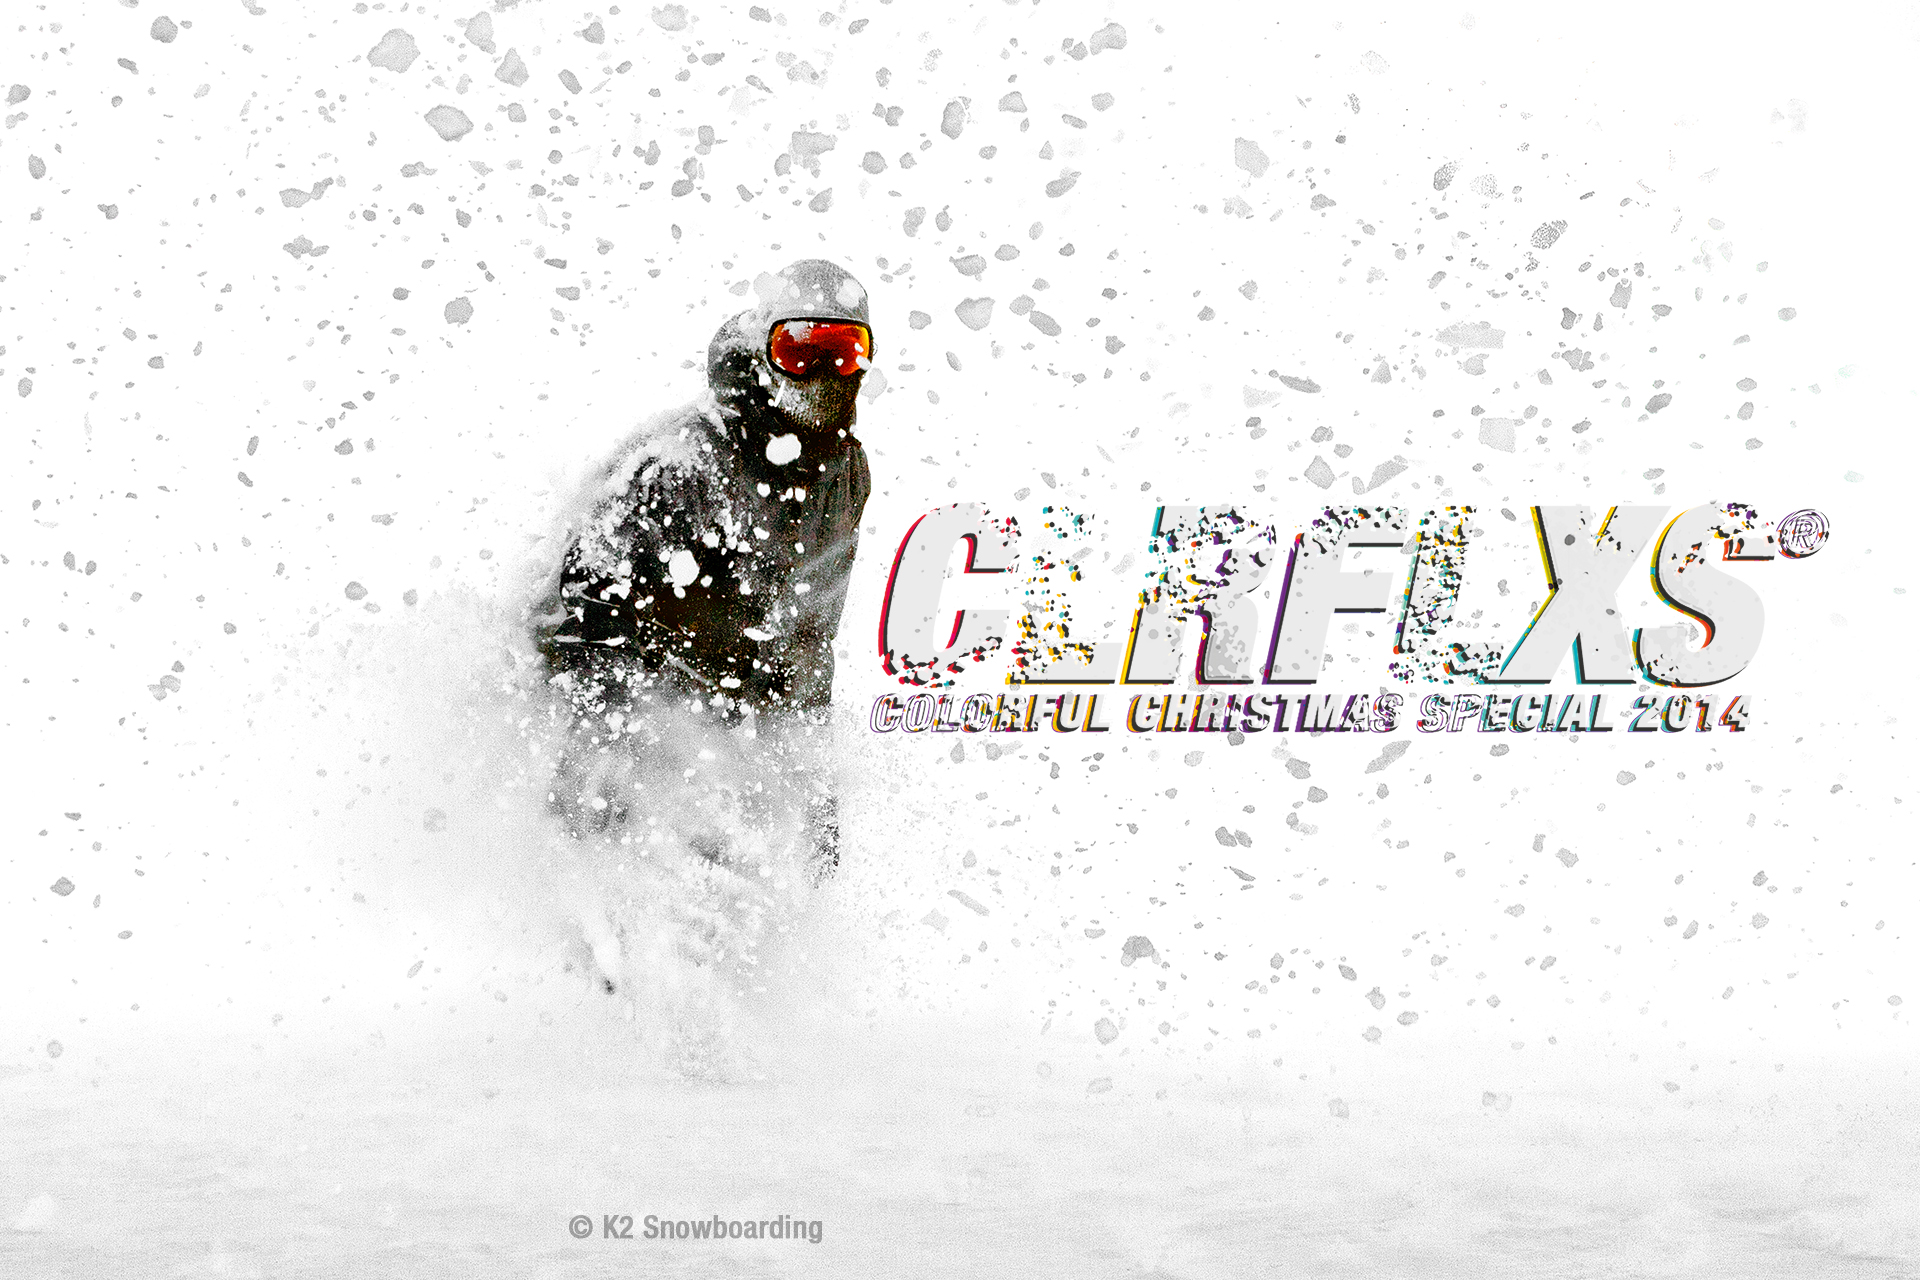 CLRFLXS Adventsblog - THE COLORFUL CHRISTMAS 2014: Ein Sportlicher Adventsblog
◆ ◆ ◆
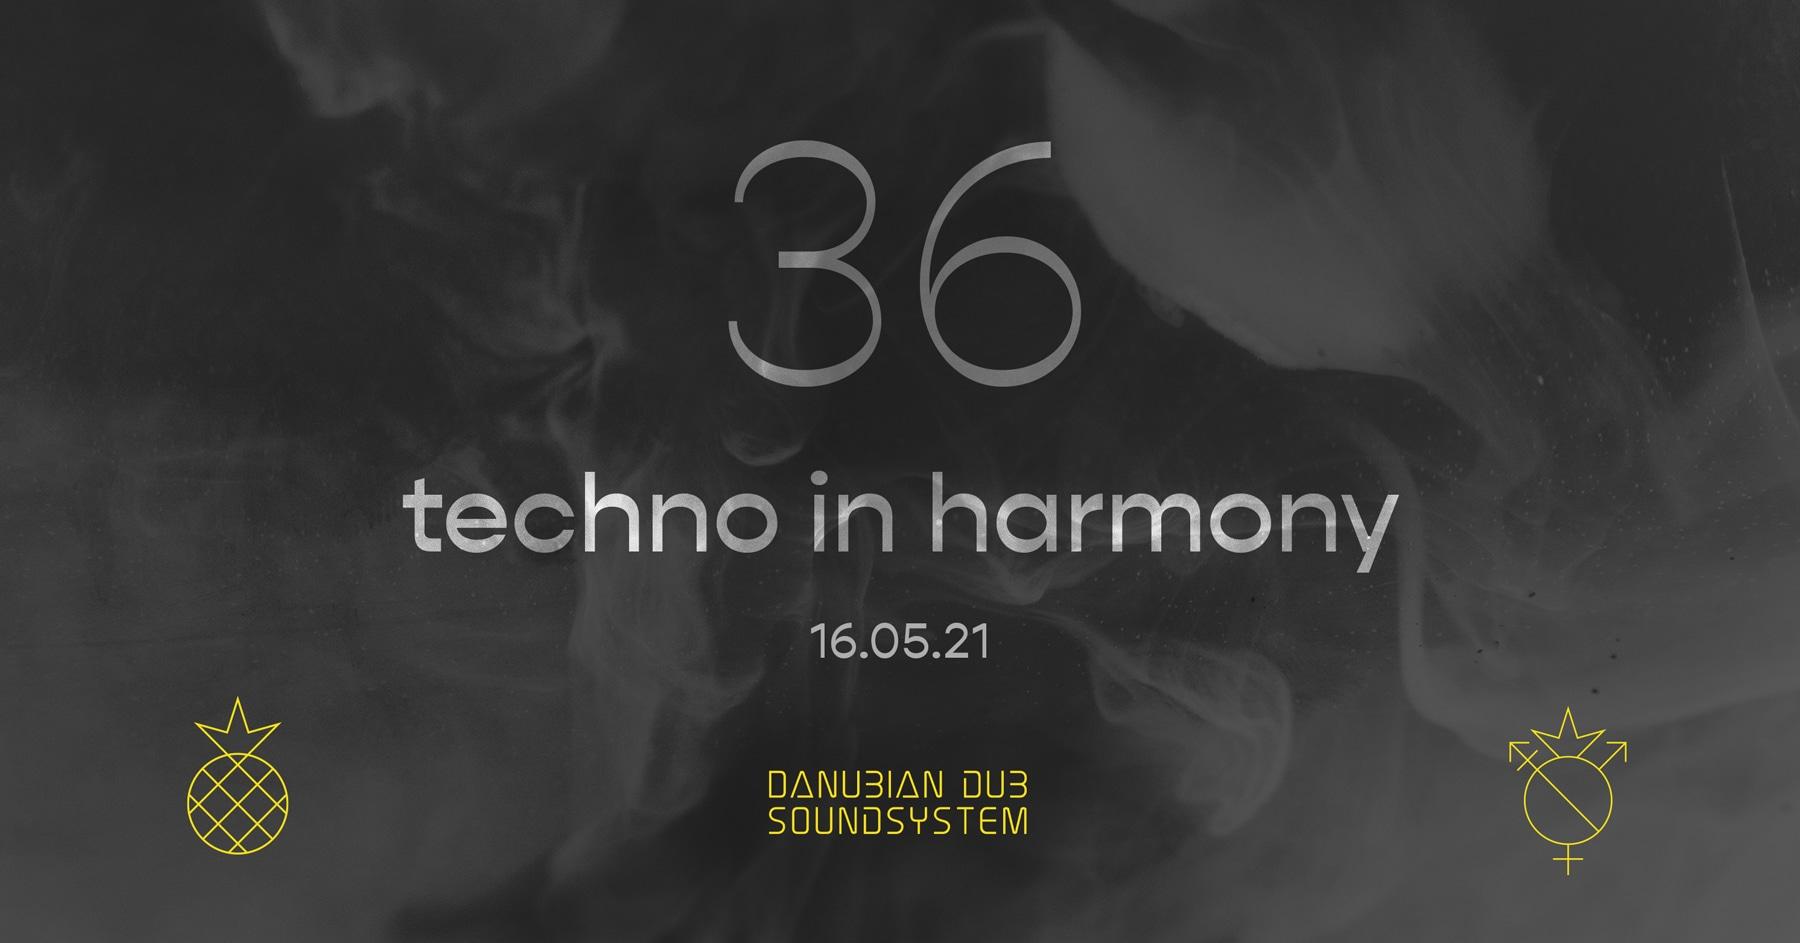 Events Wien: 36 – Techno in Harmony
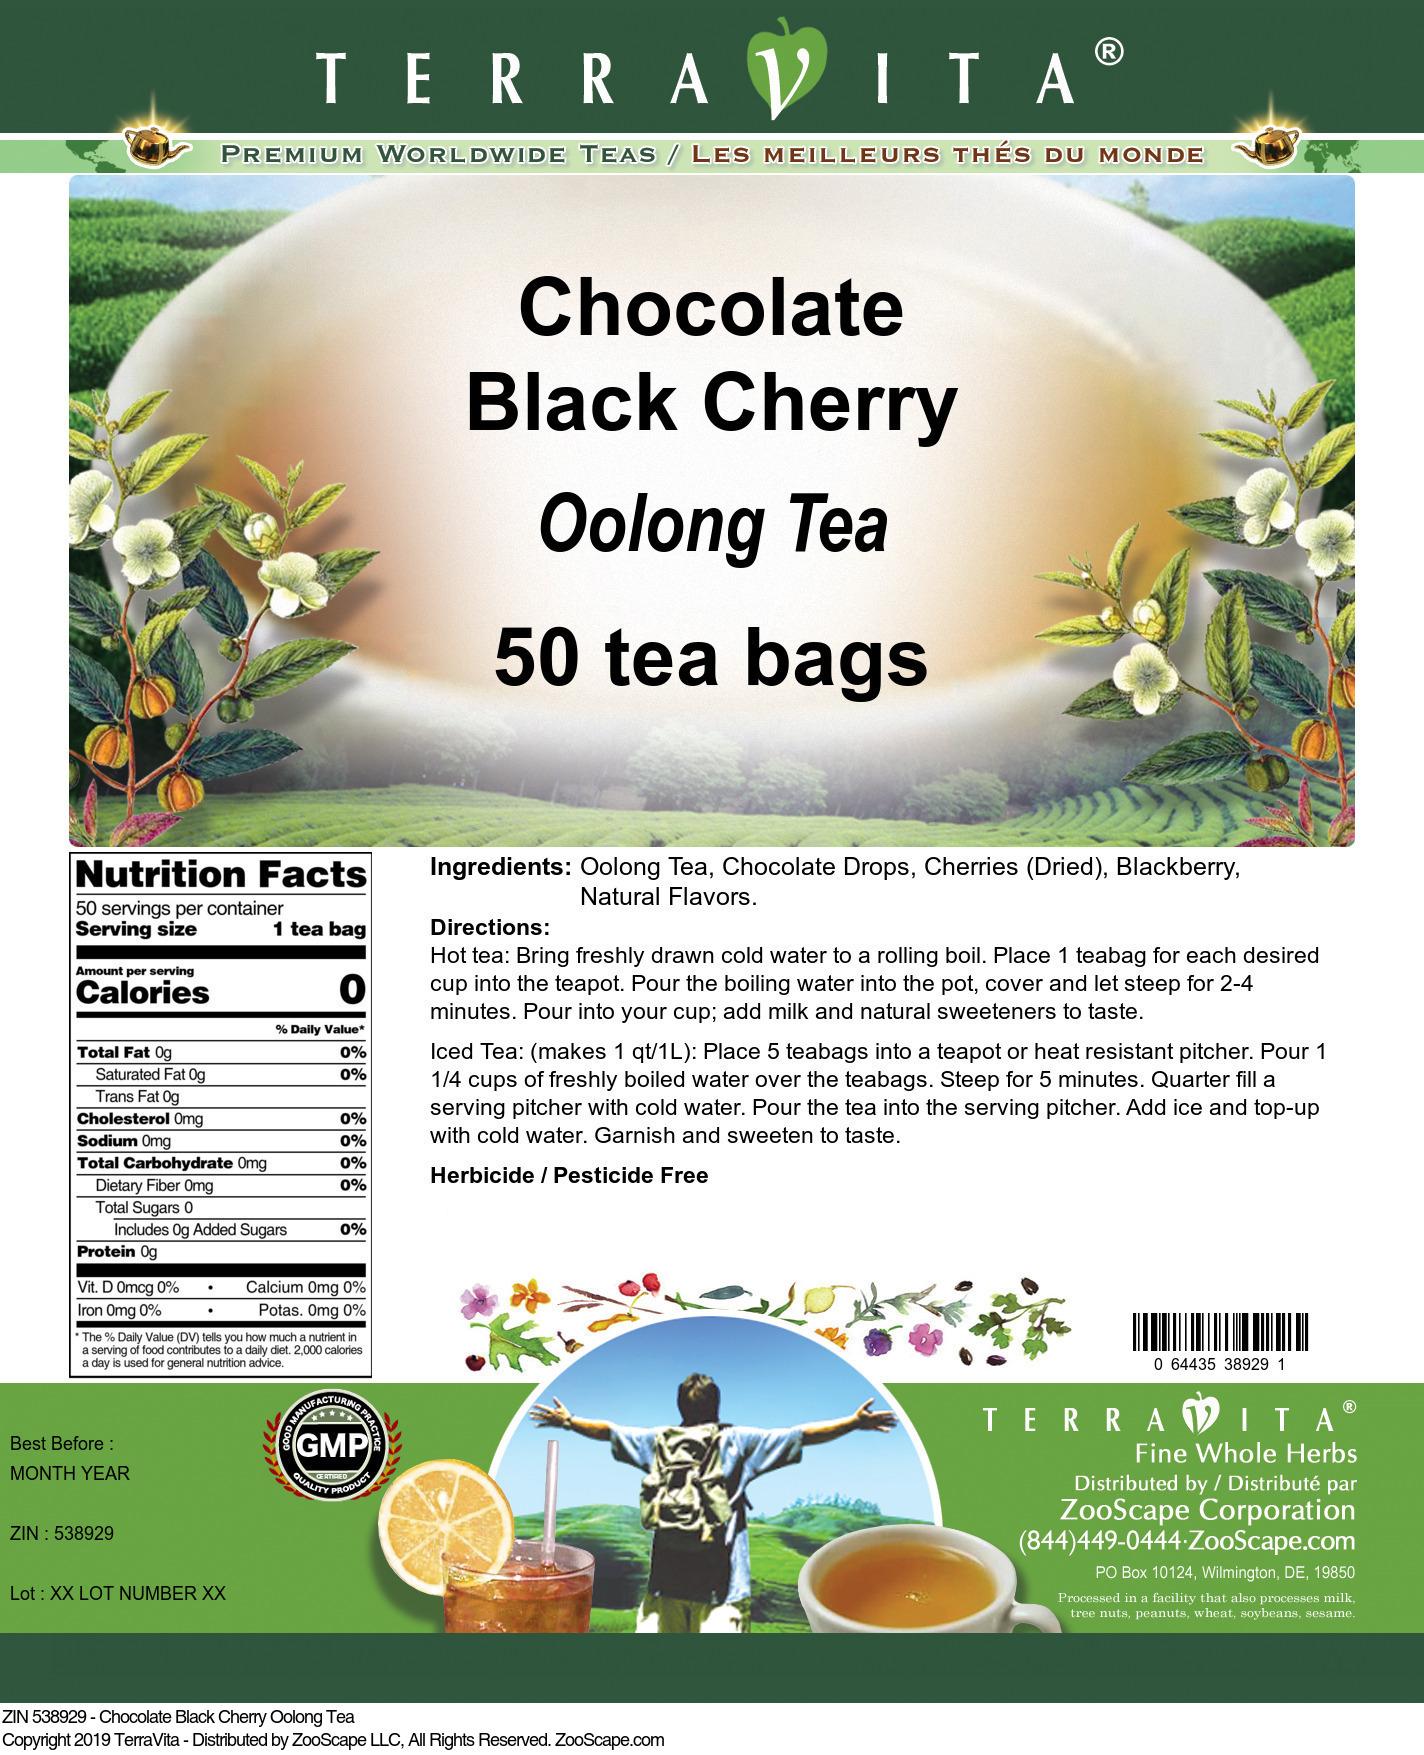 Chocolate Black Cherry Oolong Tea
◆ ◆ ◆
-- Instructions to follow --
Reproduce exactly the lines above starting at the line containing "Events Wien: 36 – Techno in Harmony" and ending at the line containing "Chocolate Black Cherry Oolong Tea", including both, but not the pictures.

-- Result for this task --
 Events Wien: 36 – Techno in Harmony
 Chocolate Black Cherry Oolong Tea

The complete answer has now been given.